The library provides support for reading (but not writing ARC) files.
The ARC format is legacy but is important to support in a consistent
matter. The ``ArchiveIterator`` can equally iterate over ARC and WARC
files to emit ``ArcWarcRecord`` objects. The special ``arc2warc`` option
converts ARC records to WARCs on the fly, allowing for them to be
accessed using the same API.

(Special ``WARCIterator`` and ``ARCIterator`` subclasses of ``ArchiveIterator``
are also available to read only WARC or only ARC files).

WARC and ARC Streaming

For example, here is a snippet for reading an ARC and a WARC using the same API.

The example streams a WARC and ARC file over HTTP using requests <http://docs.python-requests.org/en/master/>__, printing the warcinfo record (or ARC header) and any response records (or all ARC records) that contain HTML:

.. code:: python

import requests
from warcio.archiveiterator import ArchiveIterator

def print_records(url):
    resp = requests.get(url, stream=True)

    for record in ArchiveIterator(resp.raw, arc2warc=True):
        if record.rec_type == 'warcinfo':
            print(record.raw_stream.read())

        elif record.rec_type == 'response':
            if record.http_headers.get_header('Content-Type') == 'text/html':
                print(record.rec_headers.get_header('WARC-Target-URI'))
                print(record.content_stream().read())
                print('')

# WARC
print_records('https://archive.org/download/ExampleArcAndWarcFiles/IAH-20080430204825-00000-blackbook.warc.gz')


# ARC with arc2warc
print_records('https://archive.org/download/ExampleArcAndWarcFiles/IAH-20080430204825-00000-blackbook.arc.gz')

Writing WARC Records

Starting with 1.6, warcio introduces a way to capture HTTP/S traffic directly to a WARC file, by monkey-patching Python's http.client library.

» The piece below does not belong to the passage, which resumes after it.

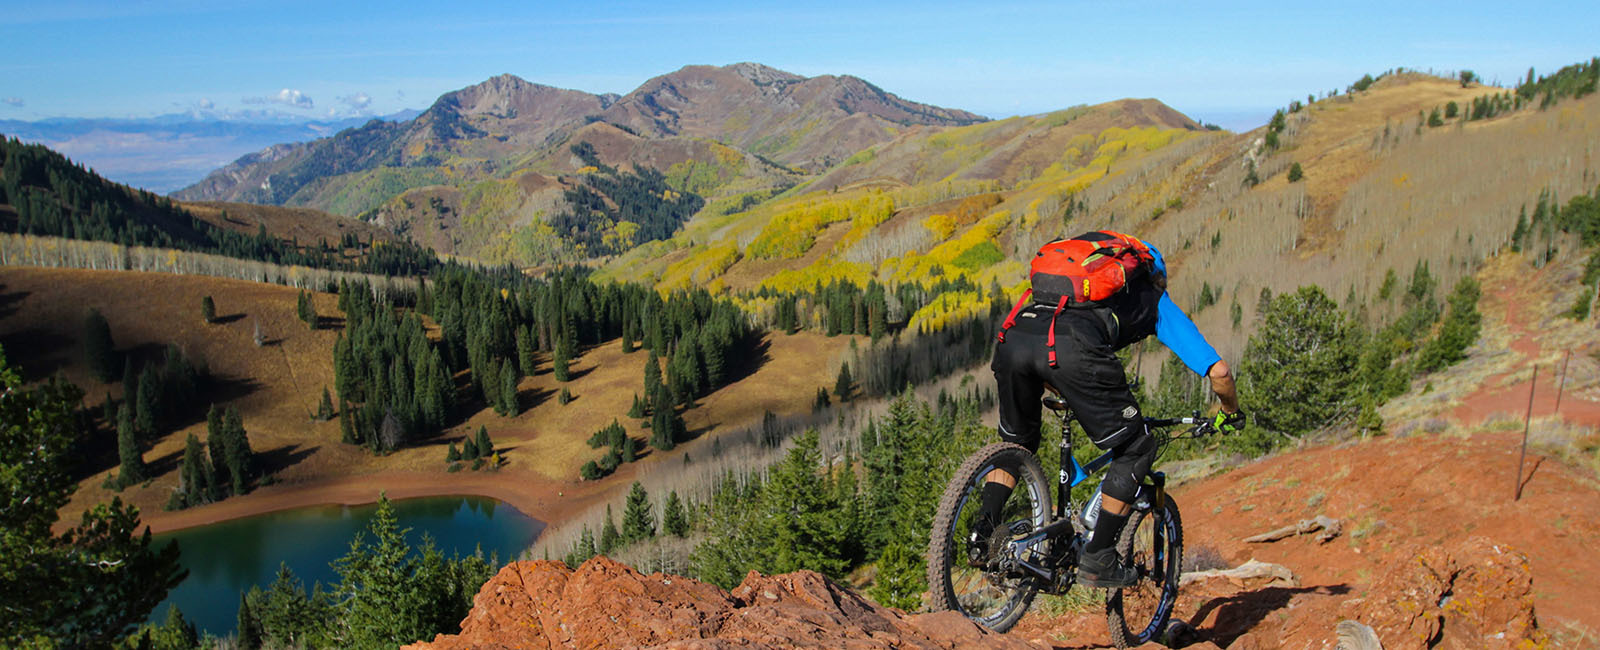 The Wasatch Crest Mountain Bike Trail: Salt Lake's Finest Ride

This approach works well with the popular requests library often used to fetch HTTP/S content. Note that requests must be imported after the capture_http module.

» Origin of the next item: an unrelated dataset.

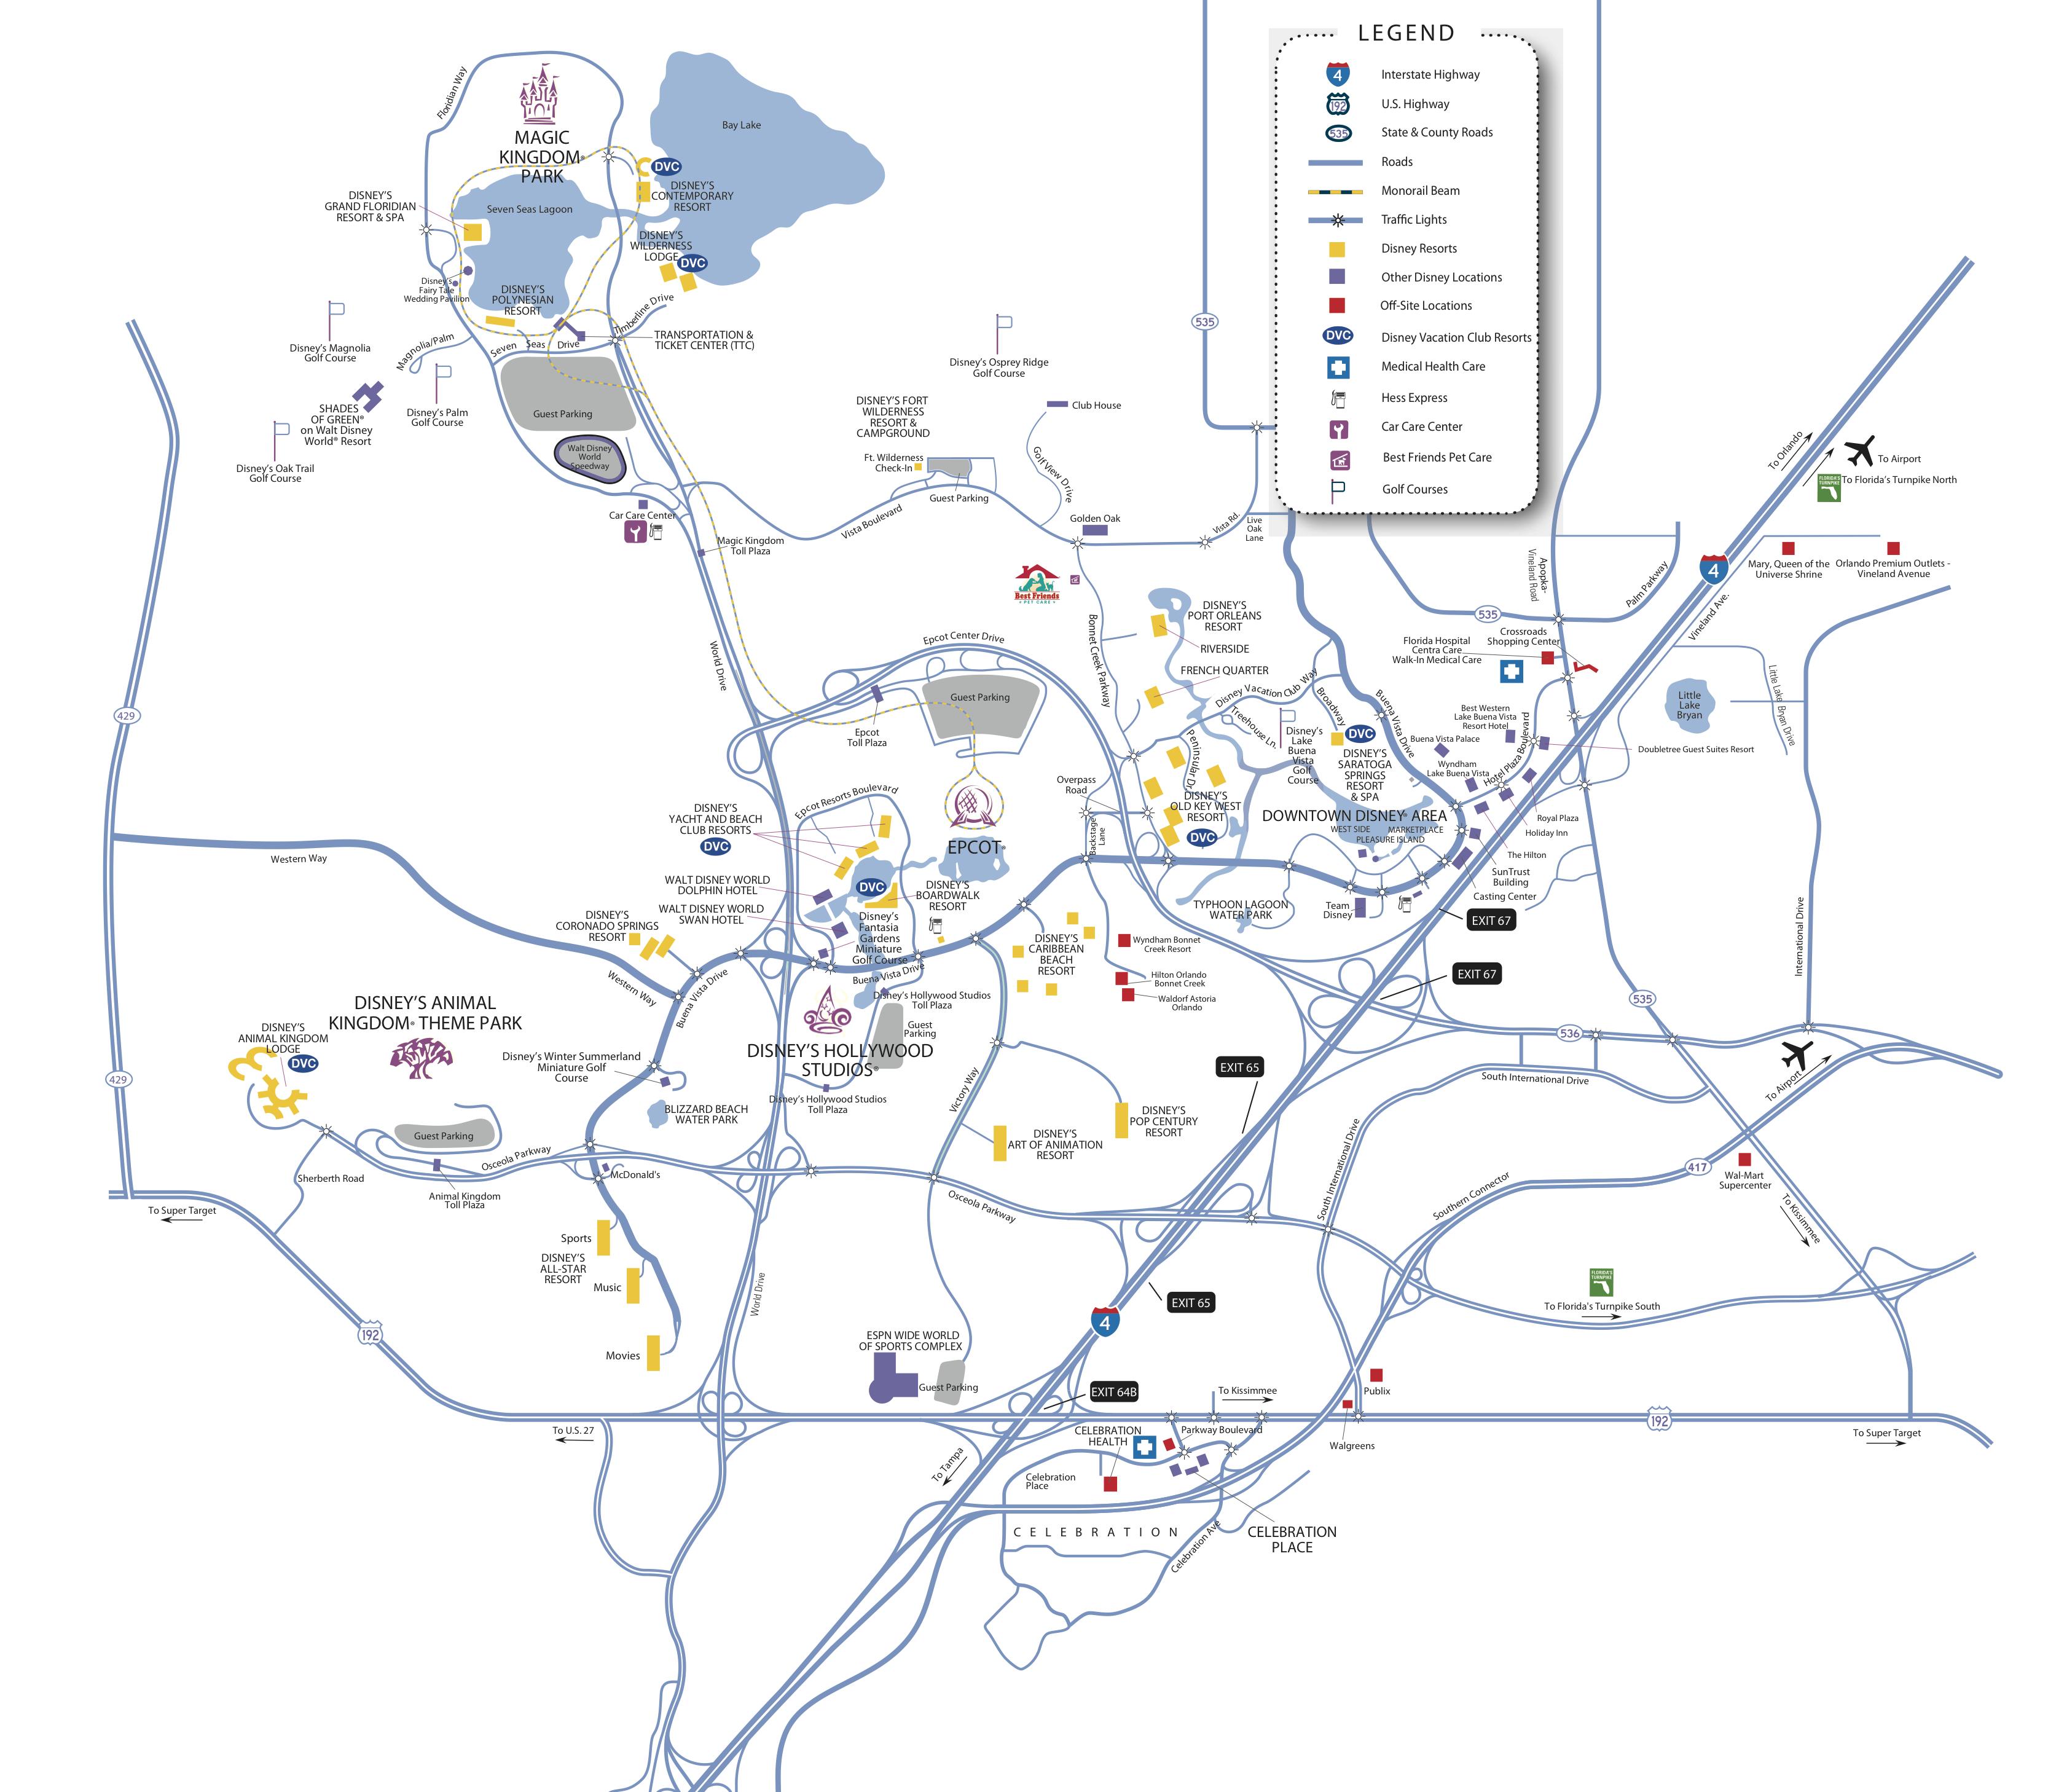 Walt Disney World Map With Hotels.Disney World Map Bferryhomes Com And 1031orlando Com

Quick Start to Writing a WARC


Fetching the url ``https://example.com/`` while capturing the response and request
into a gzip compressed WARC file named ``example.warc.gz`` can be done with the following four lines:

.. code:: python

    from warcio.capture_http import capture_http
    import requests  # requests must be imported after capture_http

    with capture_http('example.warc.gz'):
        requests.get('https://example.com/')

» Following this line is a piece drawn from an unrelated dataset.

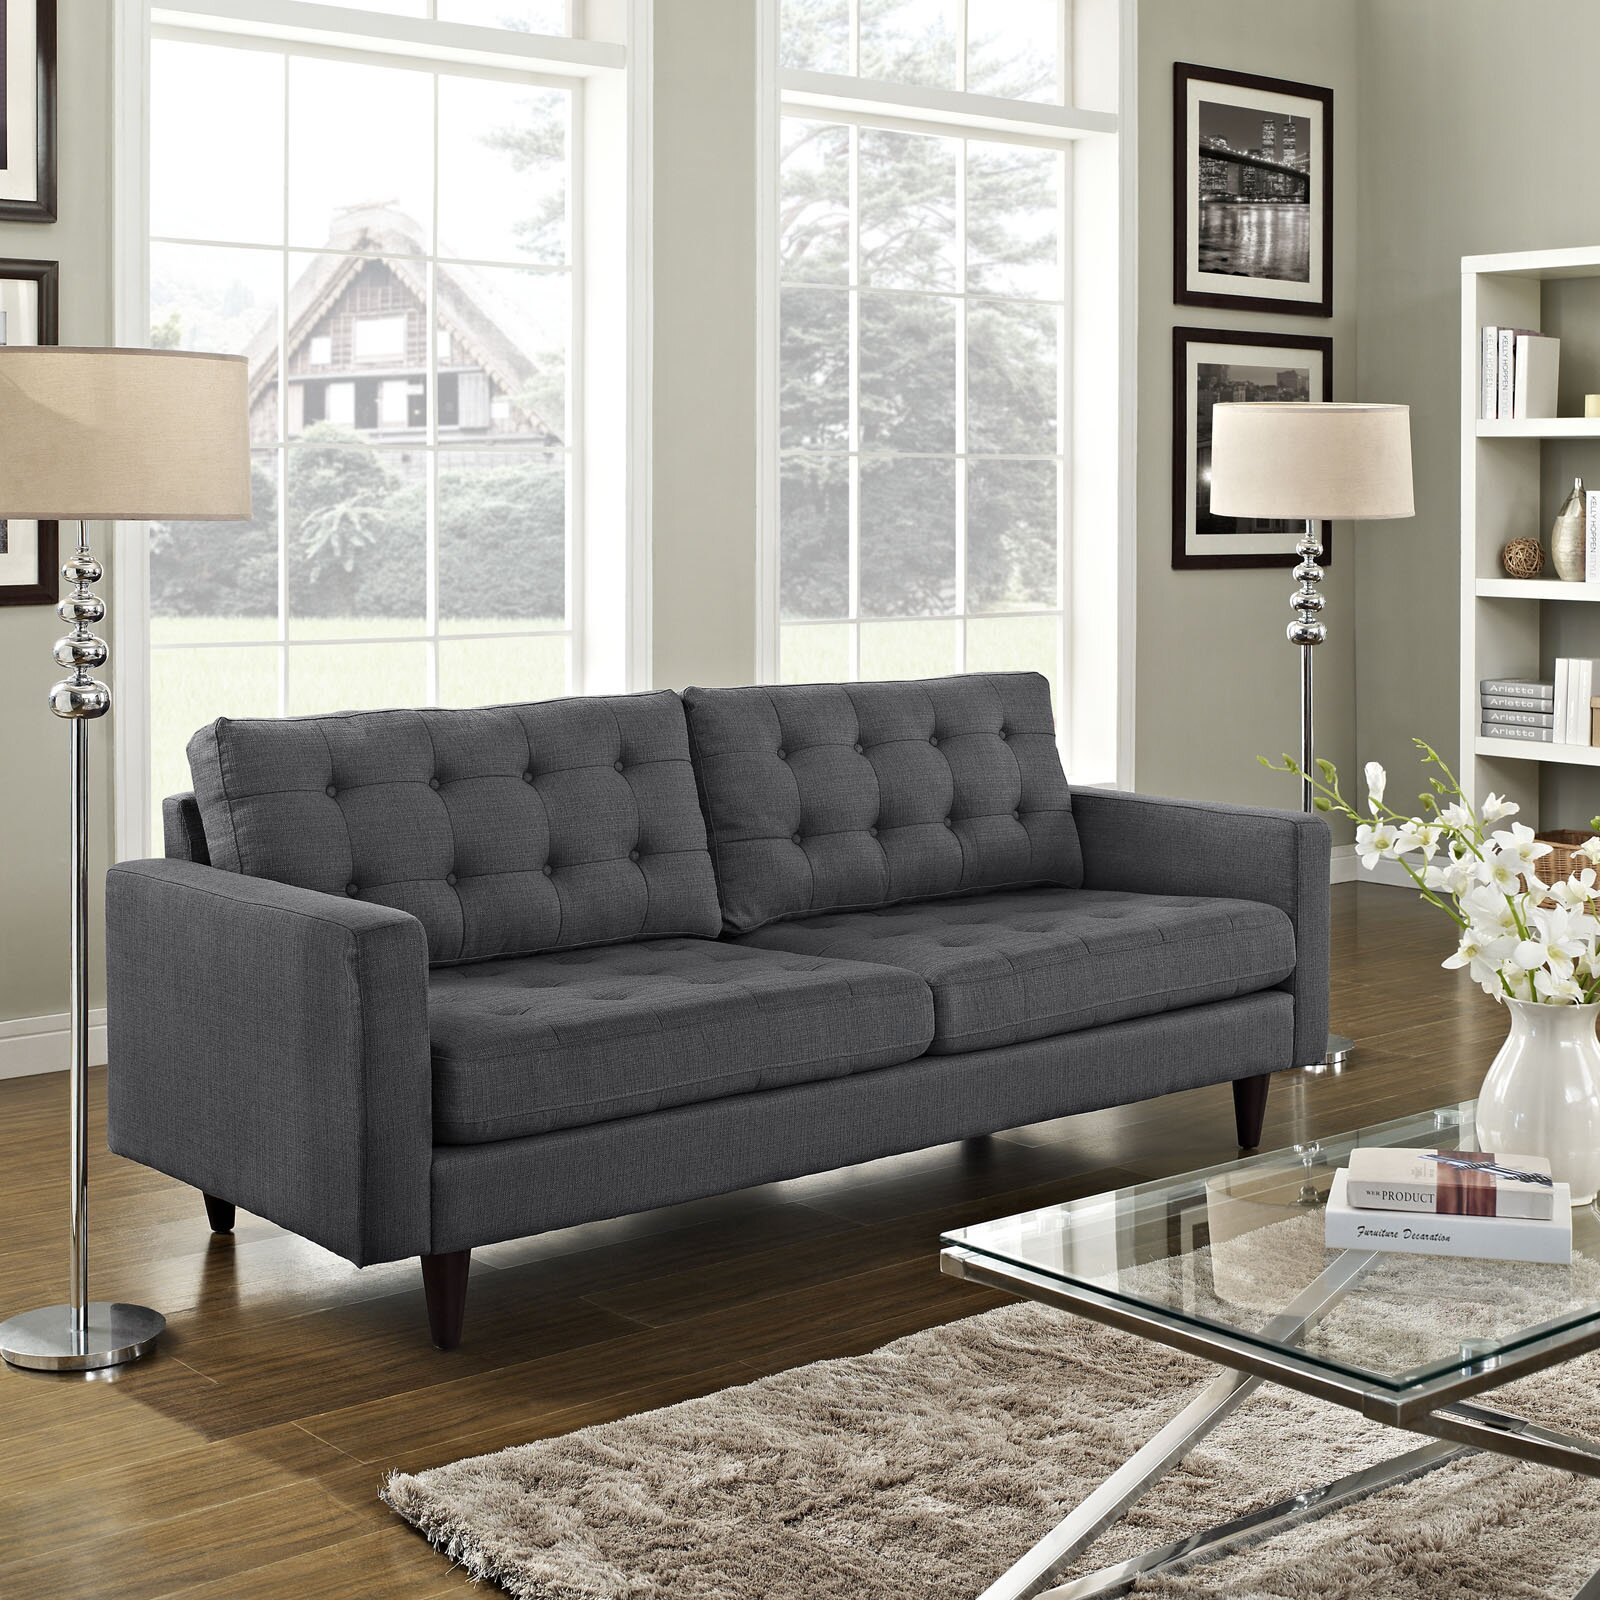 modern contemporary sofa - Rustic Modern Decor

The WARC ``example.warc.gz`` will contain two records (the response is written first, then the request).

To write to a default in-memory buffer (``BufferWARCWriter``), don't specify a filename, using ``with capture_http() as writer:``.

Additional requests in the ``capture_http`` context and will be appended to the WARC as expected.

The ``WARC-IP-Address`` header will also be added for each record if the IP address is available.

The following example (similar to a `unit test from the test suite <test/test_capture_http.py>`__) demonstrates the resulting records created with ``capture_http``:

.. code:: python

    with capture_http() as writer:
        requests.get('http://example.com/')
        requests.get('https://google.com/')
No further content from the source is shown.